[Given entries Boundary: Start]
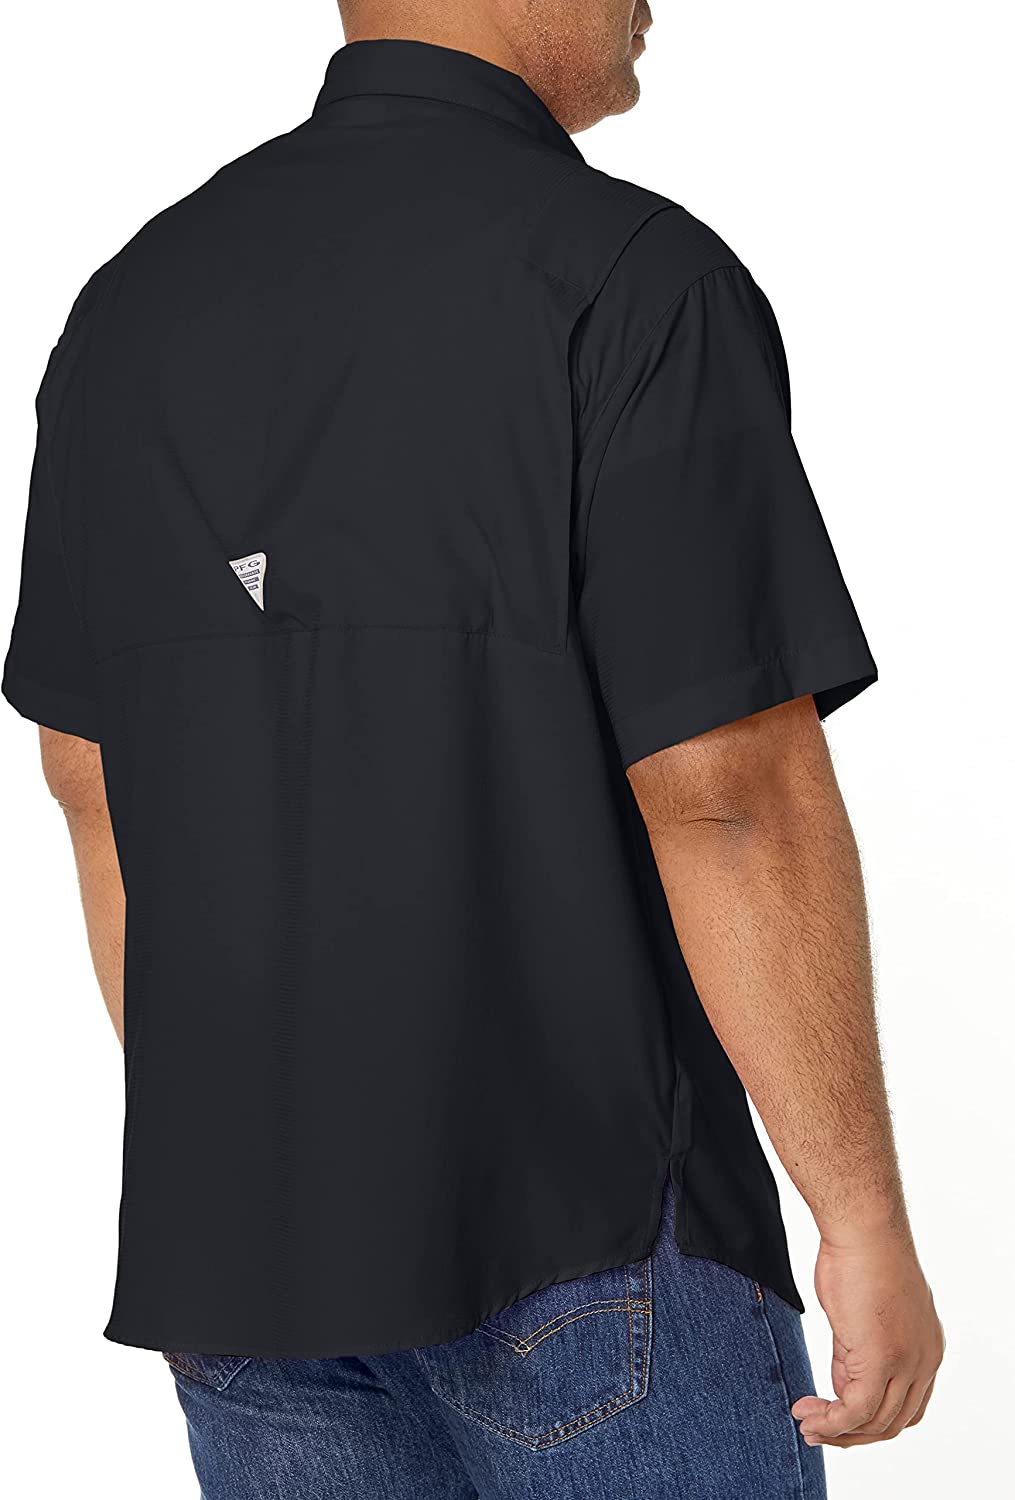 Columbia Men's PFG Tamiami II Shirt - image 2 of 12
[Given entries Boundary: End]
[Given entries Boundary: Start]
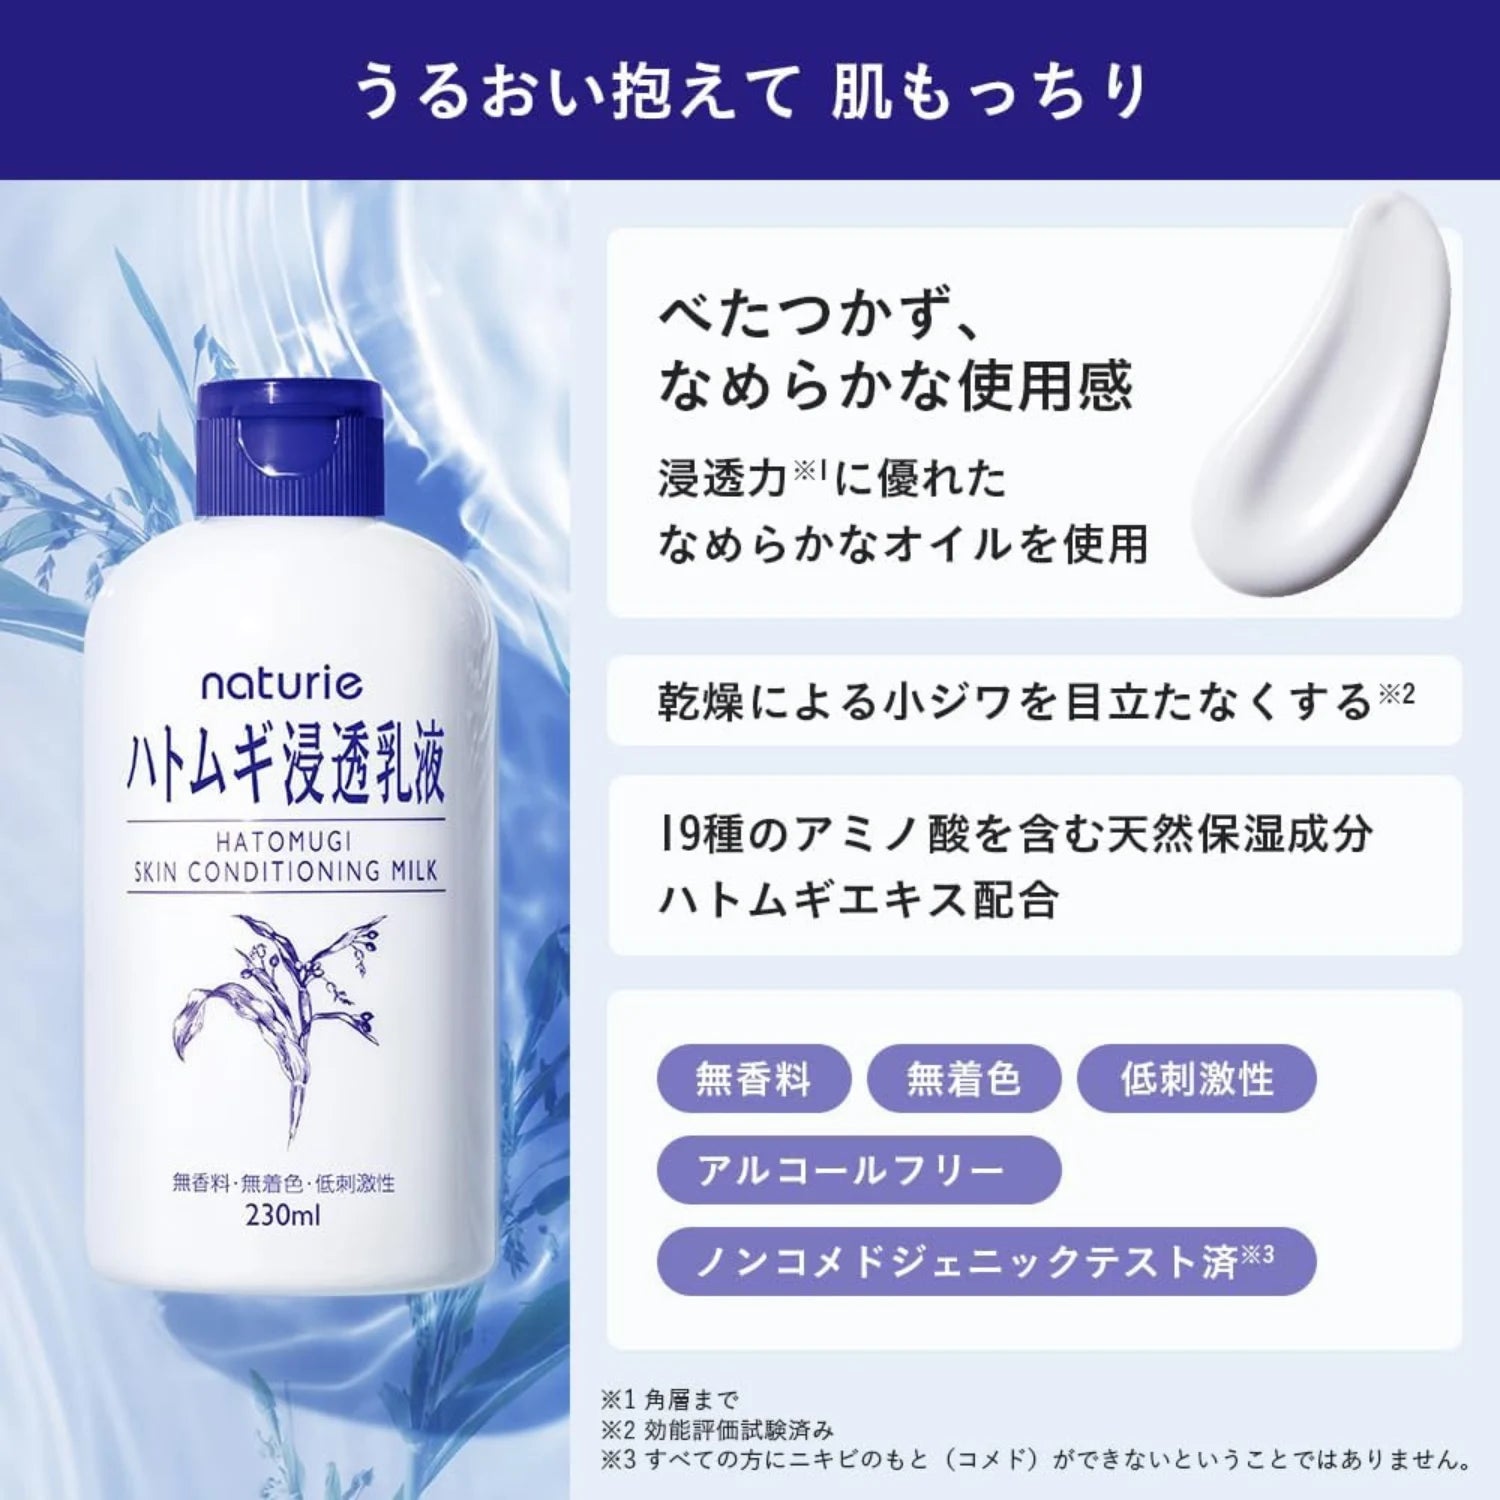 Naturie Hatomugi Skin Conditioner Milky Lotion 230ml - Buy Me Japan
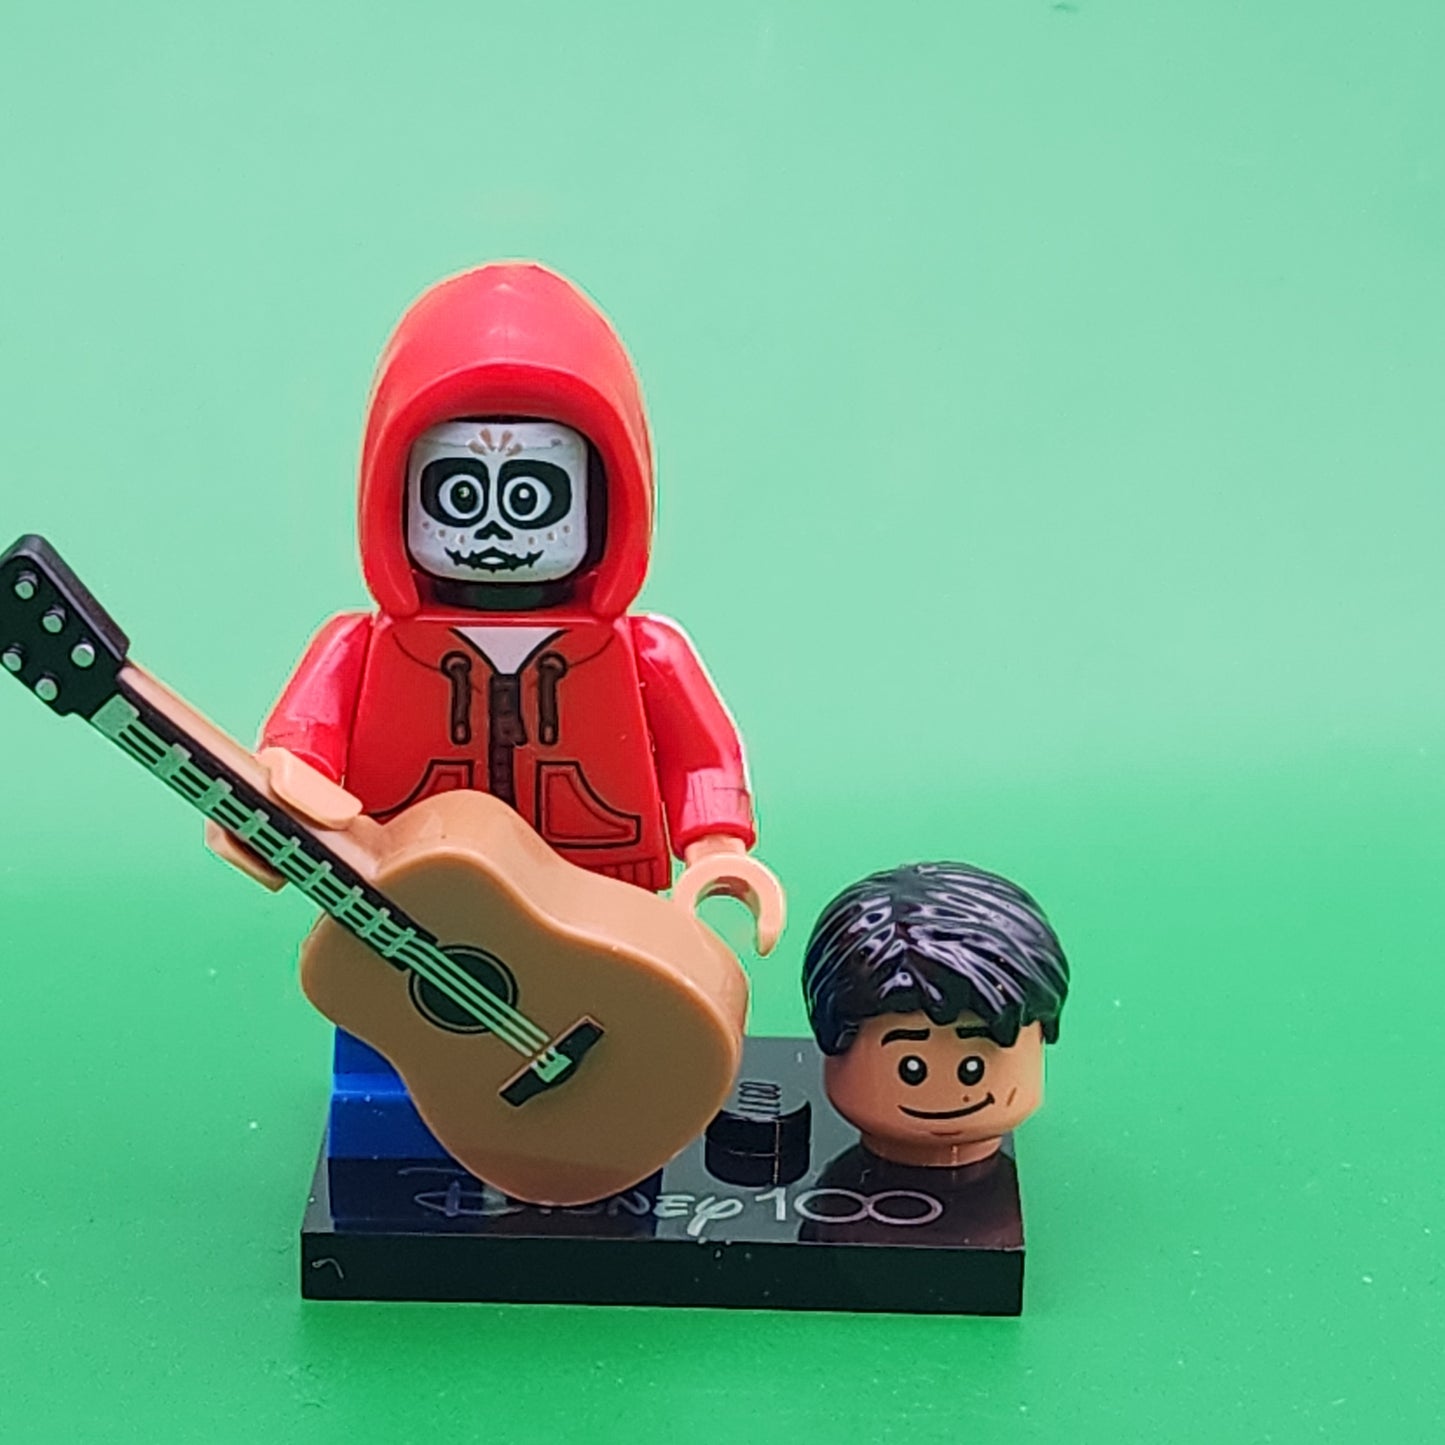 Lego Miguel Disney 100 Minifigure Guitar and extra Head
[Given entries Boundary: End]
Range to copy from the listing above: the line containing "Naturie Hatomugi Skin" down to the line containing "Lego Miguel Disney", both included. Reproduce it exactly, minus the pictures, and add nothing.

(Problem solution):
 Naturie Hatomugi Skin Conditioner Milky Lotion 230ml - Buy Me Japan
 Lego Miguel Disney 100 Minifigure Guitar and extra Head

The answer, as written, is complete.